Friday is Stop Cyberbullying Day. Andy Carvin suggested this day be set aside for thinking about cyberbullying, its impacts and how to stop it dead in its tracks. He offers some suggestions on how you can participate. This whole movement began Monday (March 26) with a posting by Kathy Sierra about how she had become the victim of a vicious round of hate speech. I commented about it, along with a large number of others. In her post about the impacts of cyberbullying on women, Lisa Stone writes:
I have no idea how many women have emailed and telephoned me about attacks via IM, IRC chat, message boards, email and blog comments. These attacks use language that describes detailed rape, dismemberment, profanity and indescribably sick images. The goal? Abuse and humiliation of women.
And women aren't alone. If there is a reason to smack someone upside the head or degrade them for believing in something, standing up for something, or just being something, there's a cyberbully waiting to go beyond flaming to inflict some real pain.

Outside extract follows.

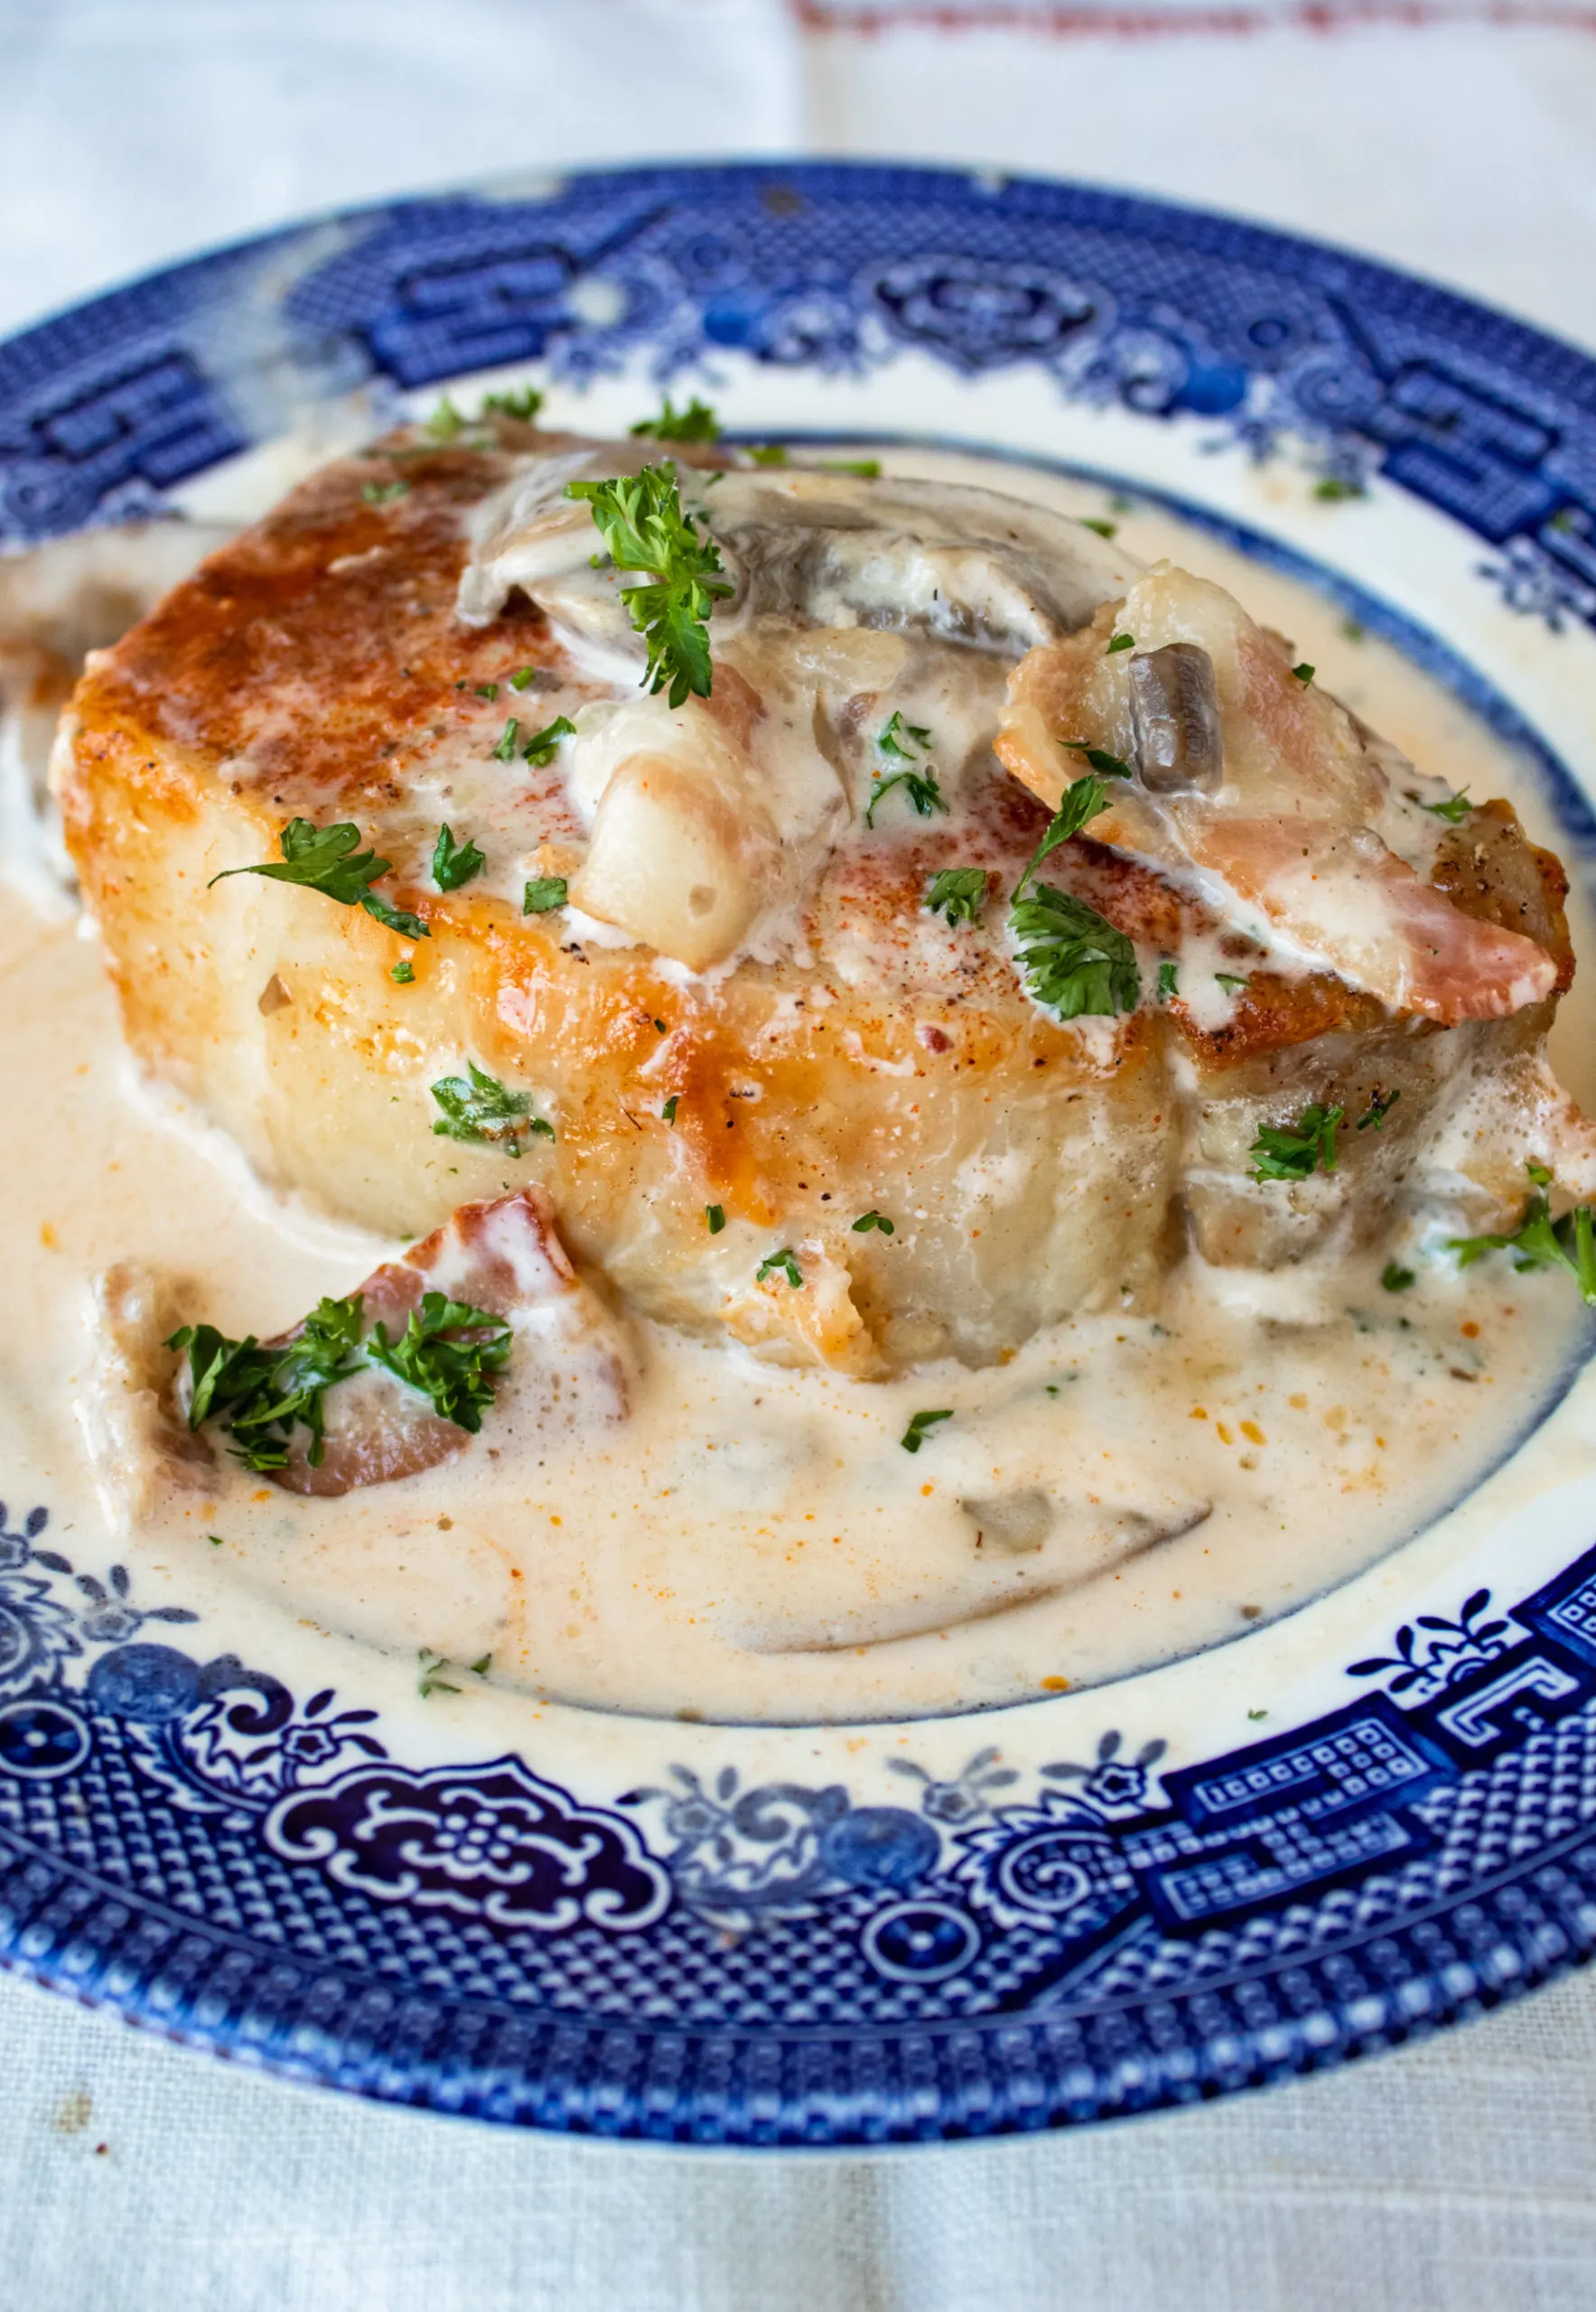 Smothered pork chop with bacon, mushrooms, and garlic in a cream sauce.

Robert Scoble told the Los Angeles Times that he opposes more restrictions on free speech - presumably because we don't need Big Brother cutting the legs out from under the First Amendment. Agreed. But we do have a responsibility to police ourselves by not tolerating hate speech, cutting off access to those who insist on participating in it, and report it when we see it.
I'm not saying stop all disagreements, arguments and impassioned manifestos: just do it with a little civility, respecting the rights of others to feel, say or demonstrate their opinion. Whether they agree or disagree with you. And whether or not they wish to participate in the discussion.
As I write this post Thursday afternoon, Kathy Sierra has closed comments to her March 26 post after someone posted her Social Security Number and home address. Makes you wonder, with all of the attention, why any individual would still be motivated to bully Kathy.